The feeling of the pot overtook her immediately. She knew he’d have little more to say for a while. No one was around them in the woods, so Jean (in love) put her ear on Timothy’s chest to listen to his heart, and he leaned back against the rock and mulled his important thoughts while she undid his blue jeans just partly, just enough to get her hand in and hold his dumb, dependable willy, which rose tenderly to greet her grip. This, she liked. And he liked it, too, and tucked a hand back of her blue jeans and kind of hefted her on top of him for a long kiss, and on the moss there on the side of the faint trail they gradually got their pants down and wriggled to get his jacket on the rock beneath them without taking their hiking boots off, even, and had a very brief grind ’em (as he liked to call it—she didn’t mind so much anymore) and then some kissing, which showed that he was in a good mood, too, a very lot of kissing, as when they first met and would make love for hours in her old sublet, a great apartment in the Village now long gone, pretty white walls with art, and she couldn’t orgasm at all, he made her so nervous, and if she brought it up (she believed in communication) he just said that orgasm was not a verb. Here in the woods and more firmly in herself she surprised herself coming quickly, if not too hard (coming was his word), orgasming to his overeager fingers while they kissed. Something about the forest made it easy and different, also that he bothered.
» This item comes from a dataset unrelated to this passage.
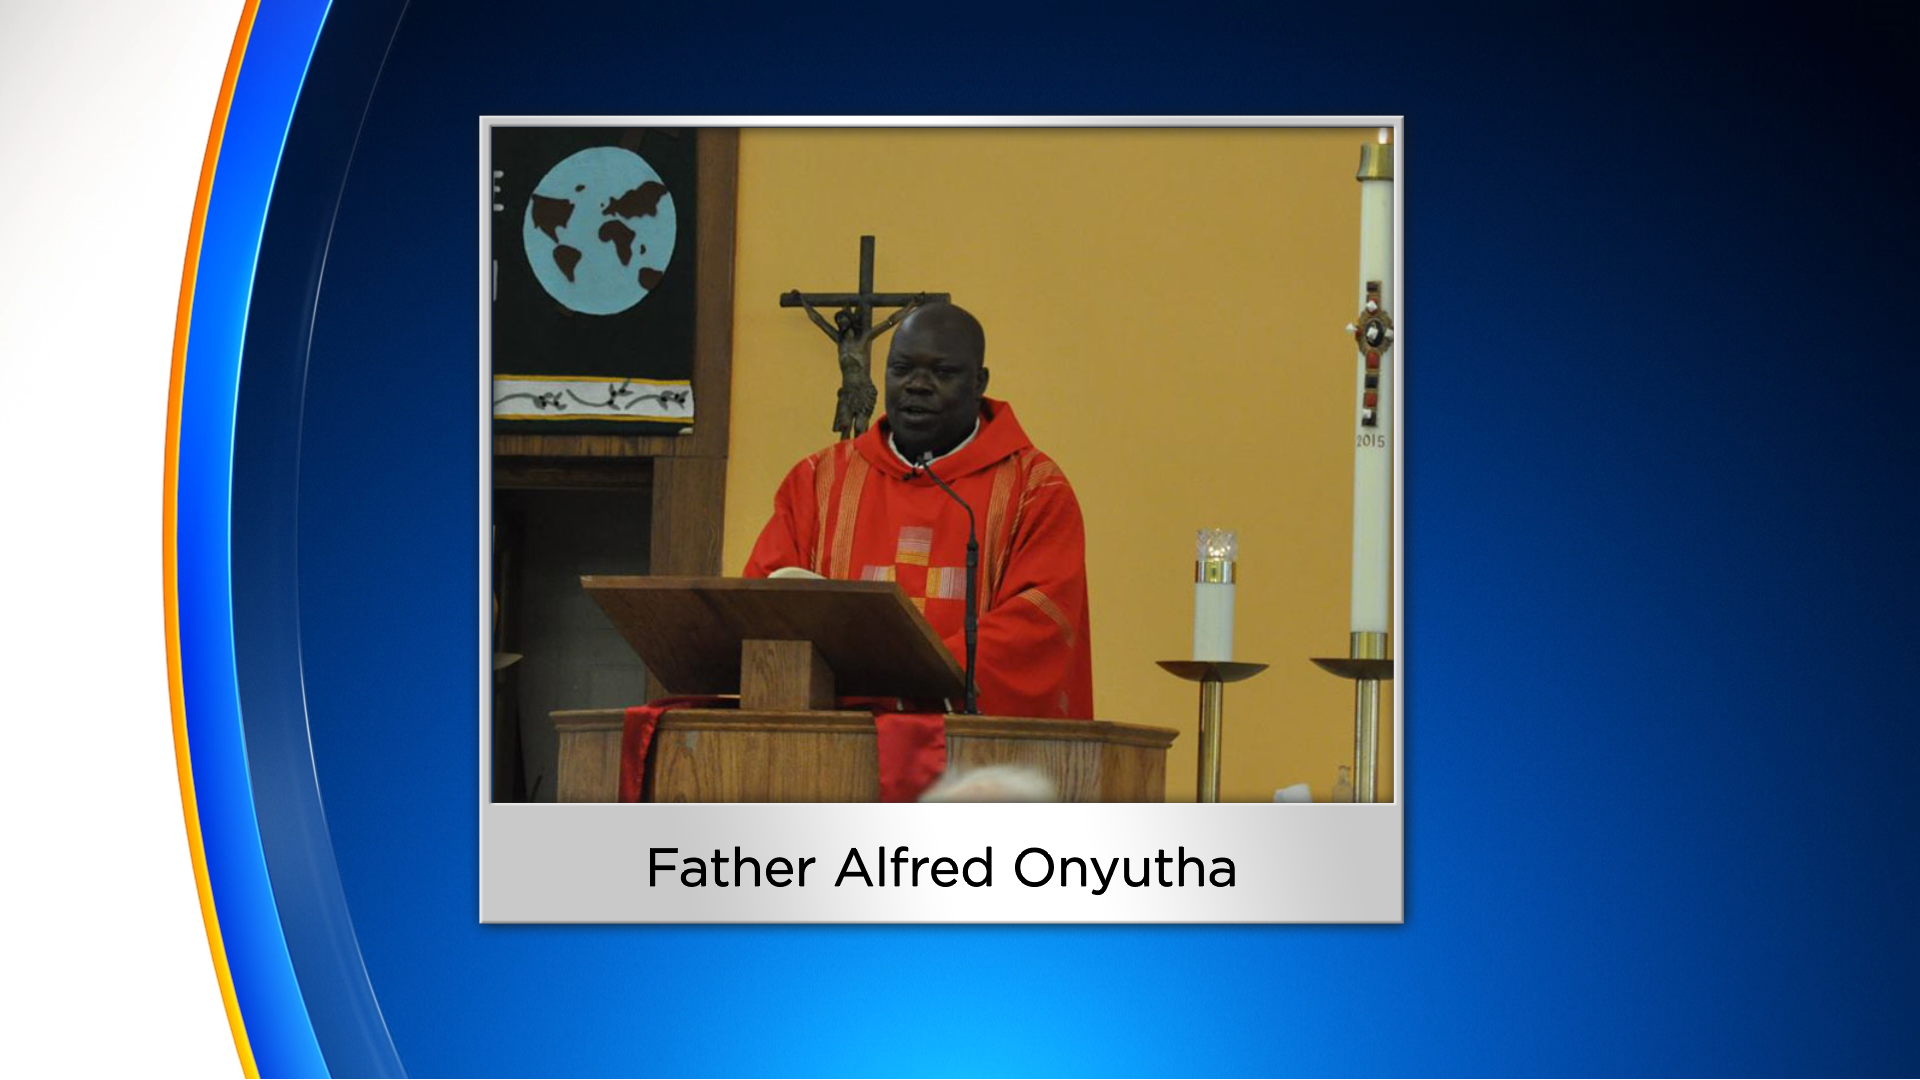 Father Alfred Onyutha

“You are a glacial erratic,” he said.
“That is an insult, Doktor,” she said, quite pleased that he’d been listening earlier, just saving it up. He’d know what a glacial erratic was, knew a lot about the world and the woods. They cleaned themselves up some with a paper towel that she dutifully stored in a baggie and pulled their pants up and hefted their packs. She could feel that hers was lighter.